Of late, we are seeing world-class stations coming up on Indian Railways. Gandhinagar Railway station in Gujarat and Habibganj Railway Station in Madhya Pradesh are two examples of privatisation of railway stations. These two stations are being re-developed to world-class airport style stations with all modern facilities. The work on both the stations are nearing completion, and will be opened for public use very soon. More railway stations, New Delhi, Bijwasan and Chandigarh are expected to follow the lines of Gandhinagar and Habibganj.
Indian Railways Station Development Corporation or IRSDC is looking after maintenance, modernisation as well as privatisation of railway stations in India. IRSDC is favouring the PPP model as it can relieve the Railways from funding with a huge capital needed to build up a station, which the Railways lacks at present. Under the PPP or Public-Private-Partnership model, the railways will lease the station and land to a private company, which will build up, operate, and take the profit out of it for a while, and hand over the station back to Indian Railways after a fixed period of time. The fixed period of time has been fixed at 99 years as of now.

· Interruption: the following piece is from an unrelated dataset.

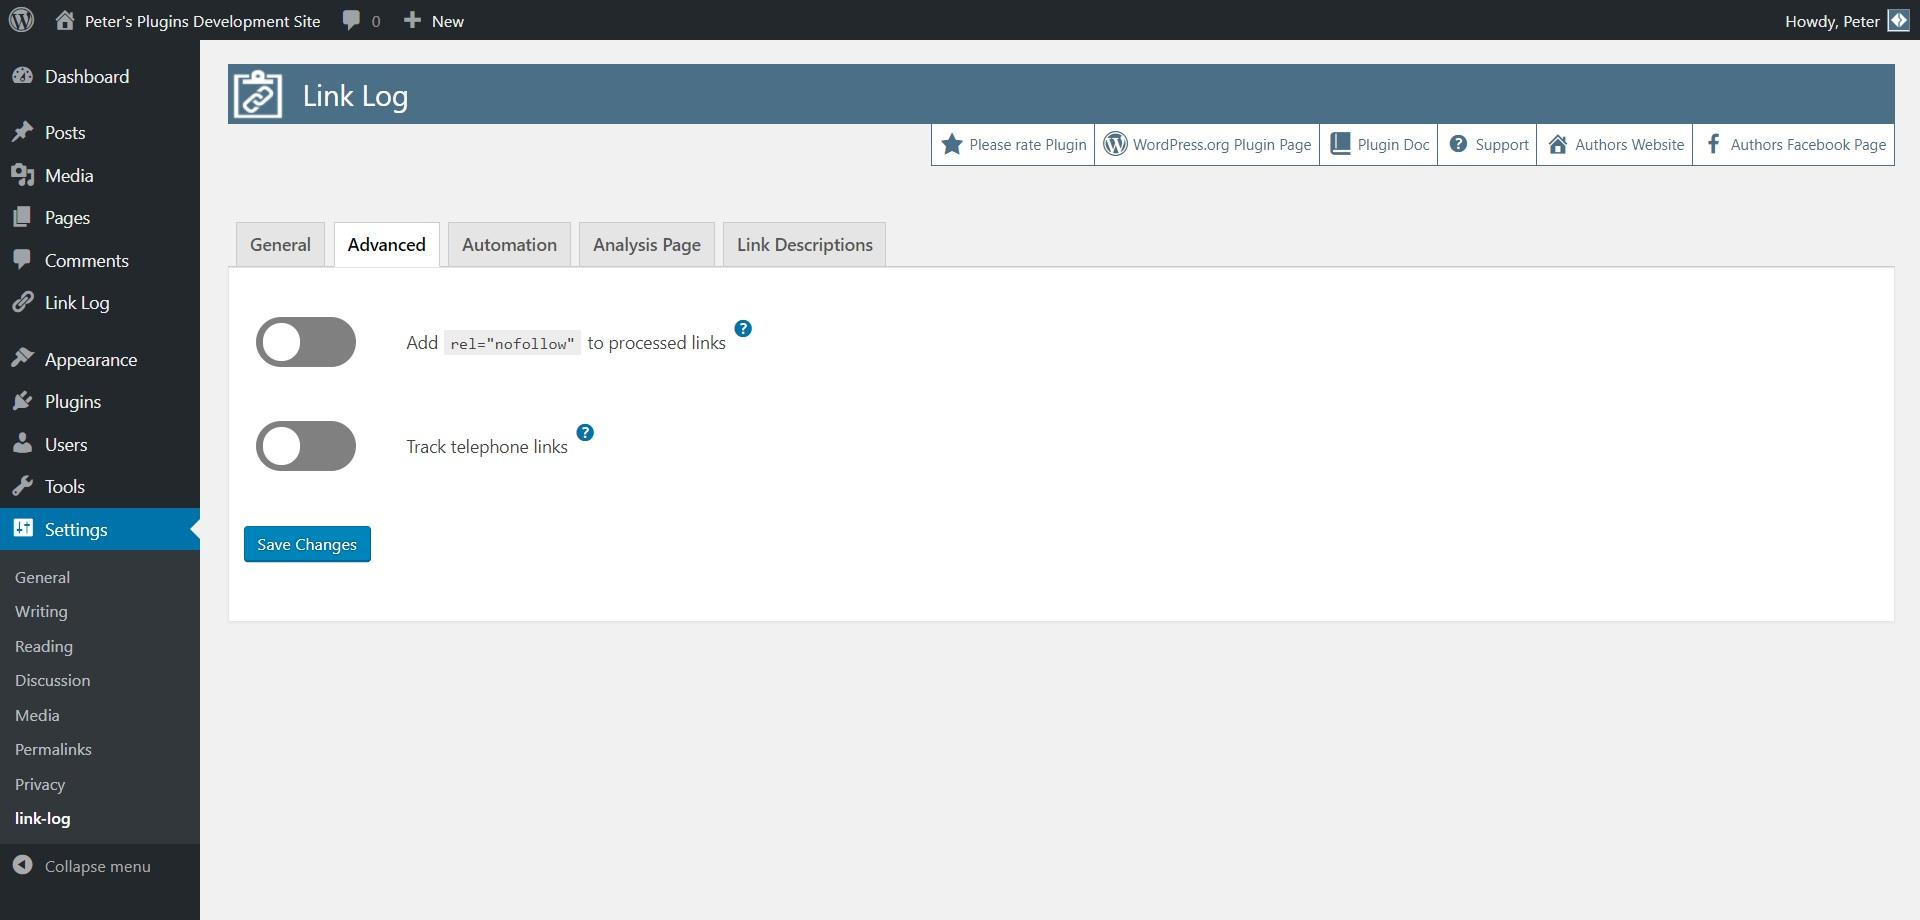 本文に挿入した外部リンクのクリック数を計測できるようにするプラグイン「link-log – external link click monitor」の画像|Knowledge Base

The lease period, the fixed period in which the private company will operate the station, was previously 45 years. After not getting good response from private companies, the Railways decided to increase the lease period to the present 99 years. However, except for a few, this proposal also did not attract private players much, and hence except a few, the Railways are planning to go back to the old EPC or engineering procurement, construction model. In this model, Railways will fund the cost of redevelopment which will be done by a private company, and will be handed back to the Railways once construction is complete.
As long as ticket fares remain constant, along with basic hygiene and maintenance, there is no complaint on privatisation of stations. But now ticket prices of redeveloped, or to-be-redeveloped stations are going to increase. Despite the success of redevelopment of Gandhinagar and Habibganj Railway stations, the importance of such redevelopment is no match of that in Sir Visvesvaraya terminal in Byappanahalli, Bengaluru, or Manduadih railway station in Varanasi, now called Banaras railway station. The last two stations were renovated by Indian Railways on its own. More such examples can be Dharwad railway station in Karnataka, Santragachhi in West Bengal, or Ayodhya Junction in UP. We now have to see whether the private stations can stood up with time with so many modern aesthetic stations coming up in Indian Railways, or they fell into disrepair, as had happened with Delhi Airport Metro Line or Gurgaon metro.